Electronic Structure and Scaling of Coulomb Defects in Carbon Nanotubes from Modified H\"uckel Calculations

TL;DR

This study uses modified Hückel calculations to analyze Coulomb defect states in carbon nanotubes, revealing how their binding energies scale with various physical parameters, thereby advancing understanding of doping mechanisms in nanoscale electronics.

Contribution

It introduces a scalable model for Coulomb defects in carbon nanotubes, incorporating empirical scaling laws based on physical parameters, which was previously challenging due to simulation size constraints.

Findings

Coulomb defect binding energies scale with distance, mass, permittivity, and charge.

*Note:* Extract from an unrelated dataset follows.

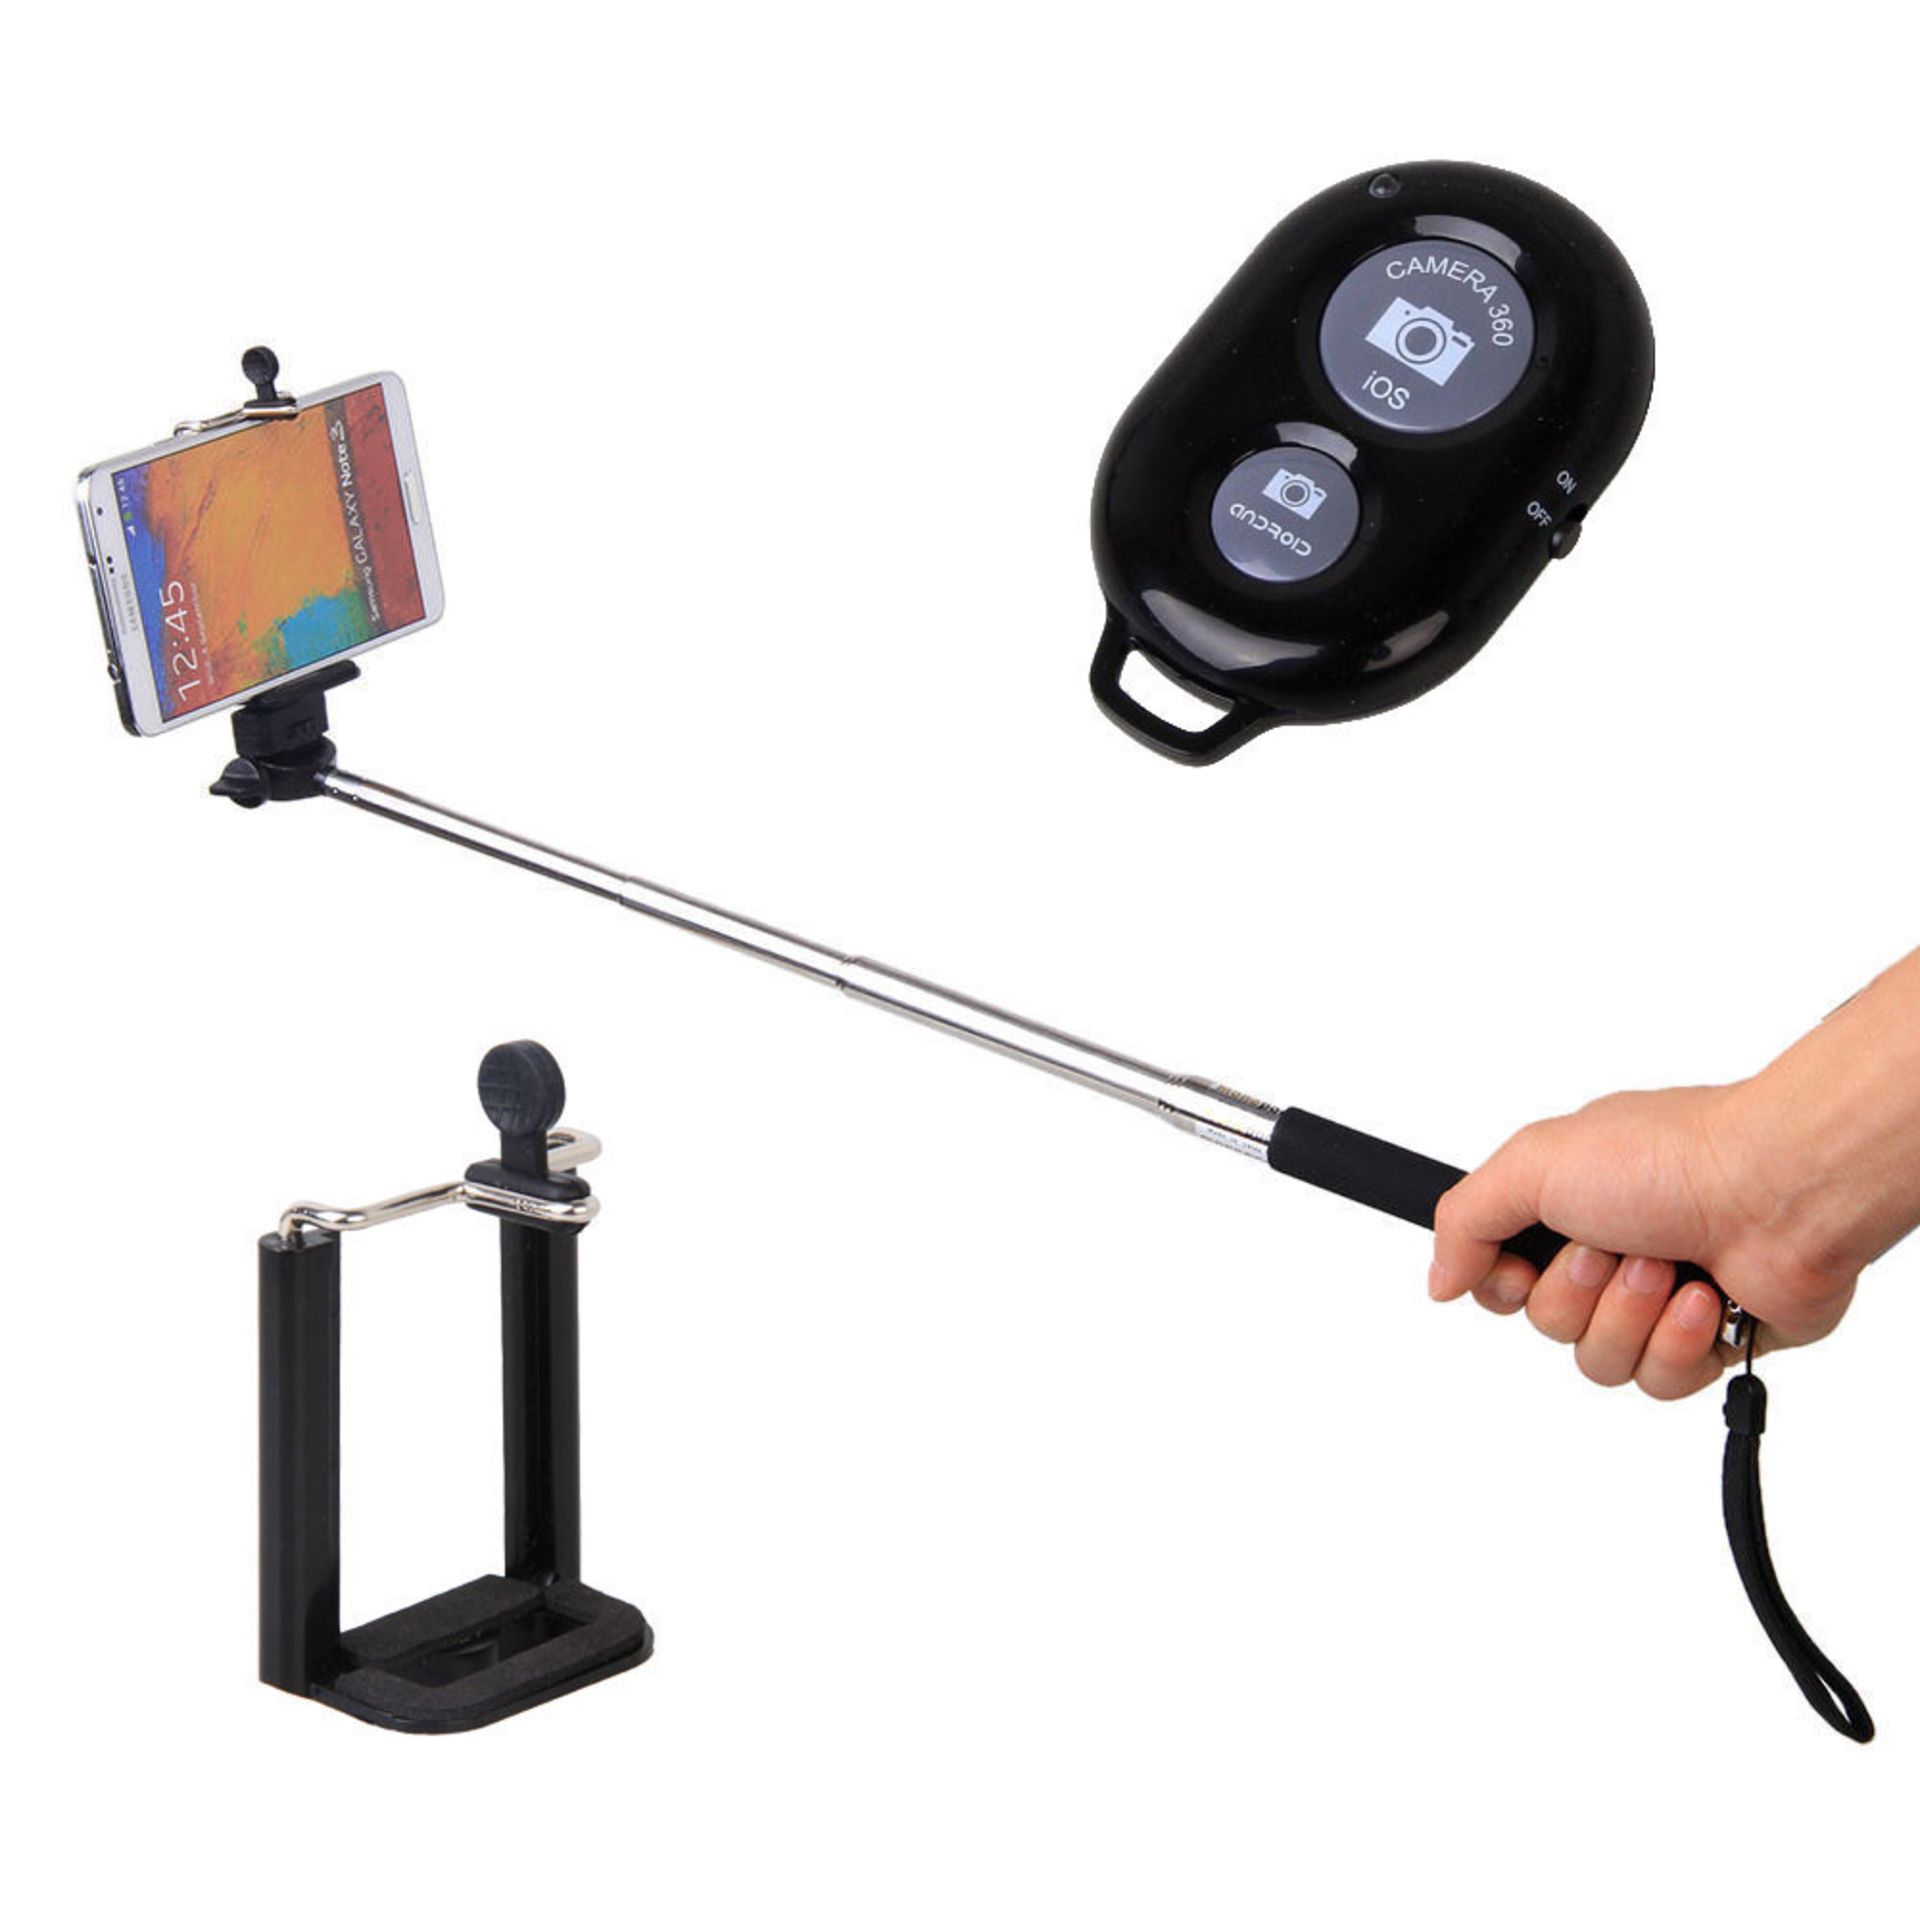 V Brand New Selfie Stick with Bluetooth Remote Control - RRP £19.09

Quantum well states may explain exciton band shifts in doped semiconductors.

The model provides insights into doping effects in nanoscale carbon nanotubes.

Abstract

Controlled doping and understanding its underlying microscopic mechanisms is crucial for advancement of nanoscale electronic technologies, especially in semiconducting single-wall carbon nanotubes (s-SWNTs), where adsorbed counterions are known to govern redox-doping levels. However, modeling the associated 'Coulomb defects' is challenging due to the need for large-scale simulations at low doping levels. Using modified H\"uckel calculations on 120 nm long s-SWNTs with adsorbed $\rm Cl^-$ ions, we study the scaling properties of shallow Coulomb defect states at the valence band edge and quantum well (QW) states in the conduction band. Interestingly, the QW states may underlie observed exciton band shifts of inhomogeneously doped semiconductors. Binding energies of Coulomb defects are found to scale with counterion distance, effective band mass, relative permittivity and counterion charge according to $d^{\alpha-2}m^{\alpha-1}\epsilon_r^{-\alpha}|z_j|^{\alpha}$, with $\alpha$ as an empirical parameter, deepening our understanding of s-SWNT doping.